ROANOKE TIMES

                         Roanoke Times
                 Copyright (c) 1995, Landmark Communications, Inc.

DATE: MONDAY, February 24, 1992                   TAG: 9202240236
SECTION: EDITORIAL                    PAGE: A8   EDITION: METRO 
SOURCE: 
DATELINE:                                 LENGTH: Medium


OIL STILL KING ENERGY BILL OFFERS SMALL SPUDS

IN A CLASSIC congressional tradeoff, the Senate ditched two conflicting sections of a comprehensive energy bill last week and sent the measure to the House by a 94-4 vote. What's left of the bill promotes alternatives to petroleum such as nuclear power and natural gas, and sets new energy-efficient standards for lights and industrial motors.

So far, not bad - assuming that safety regulations and environmental protections aren't slighted.

But reducing dependence on oil by those routes will be a very long and uncertain haul. It's small potatoes compared to what an energy bill could do if it raised taxes on oil. That is the only way to end America's costly and potentially dangerous addiction that requires foreign oil to satisfy.

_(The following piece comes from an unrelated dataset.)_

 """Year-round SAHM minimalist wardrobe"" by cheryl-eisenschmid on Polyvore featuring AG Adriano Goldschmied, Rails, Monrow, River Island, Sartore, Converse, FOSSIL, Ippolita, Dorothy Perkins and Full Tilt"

One of the conflicting sections removed by the bill's sponsors called for opening the Arctic National Wildlife Refuge in Alaska to oil and gas exploration. It is well to keep off-limits a fragile wilderness that, by the most optimistic estimates, would yield little more than 3 billion barrels. That's only about a six-month supply for this oil-gulping country.

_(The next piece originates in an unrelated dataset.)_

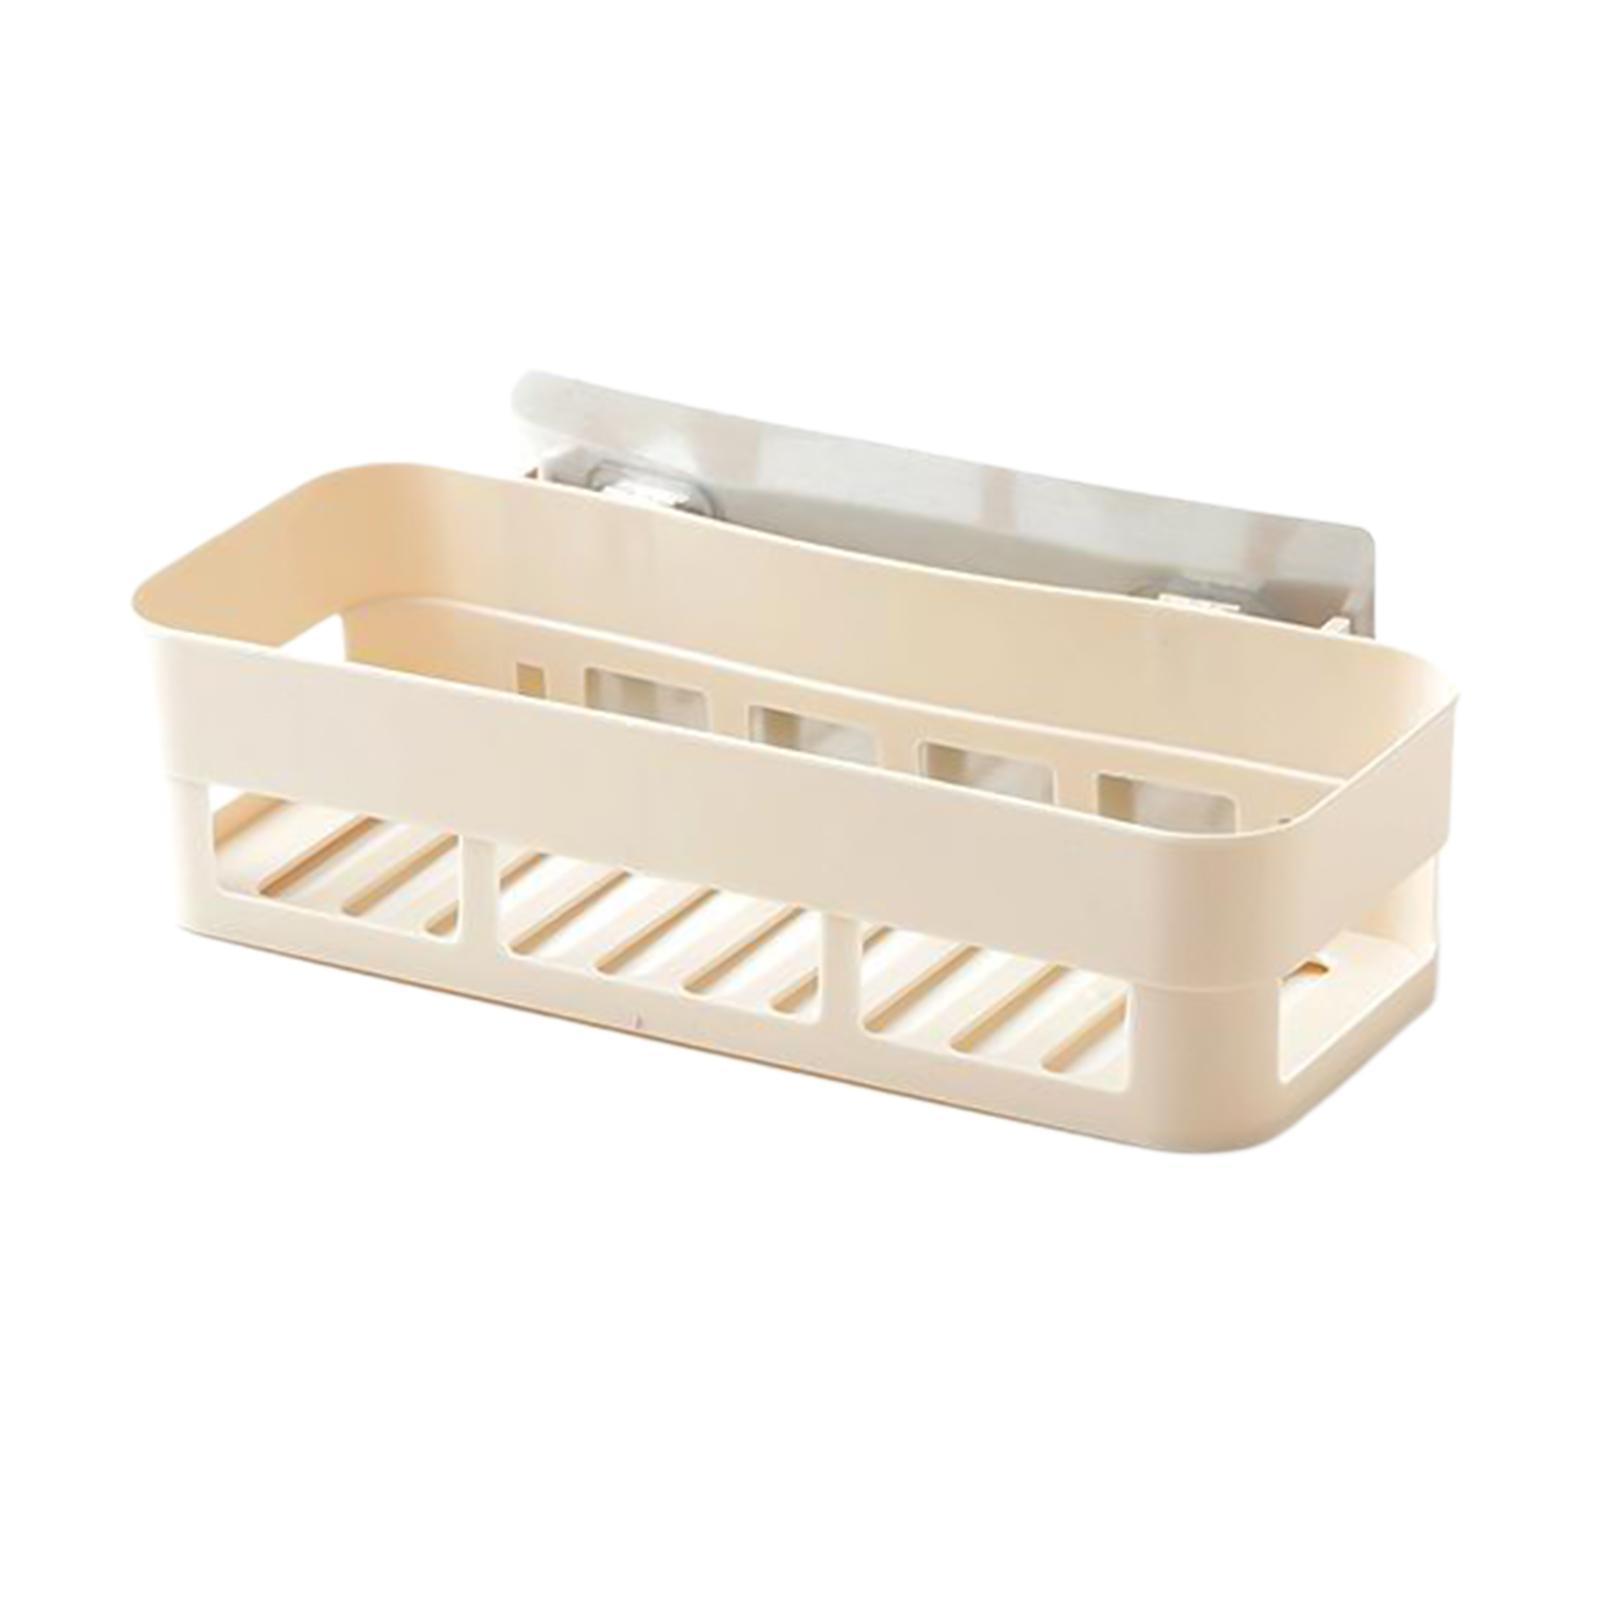 thumbnail 24 - Wall-Suction-Bathroom-Shelf-Shower-Caddy-Wall-Mount-Storage-Rack-Organizer

In contrast, in the same period that much oil could be saved - created, one might say - by increasing the fuel efficiency of U.S.-made autos by 2 miles a gallon.

But the other section of the Senate bill that was jettisoned would have tightened fuel-economy requirements for cars and trucks, which was opposed by Detroit.

Needless to say, the bill does not mention the need for a hefty gas-tax hike - say, by 50 cents per gallon. Only an increase of that magnitude could begin to wean America away from its dependence on oil and curb the environmental damage and wasteful use of land and other resources from daily consumption of 17 million barrels of crude.

There is no way our own reserves can satisfy our present demand; half of what we burn comes from abroad, and that proportion is likely to increase as long as the fuel remains cheap.

The saying goes: No pain, no gain. But by rejecting the pain of a gasoline-tax increase now, we're setting ourselves up for a different but greater kind of pain down the road.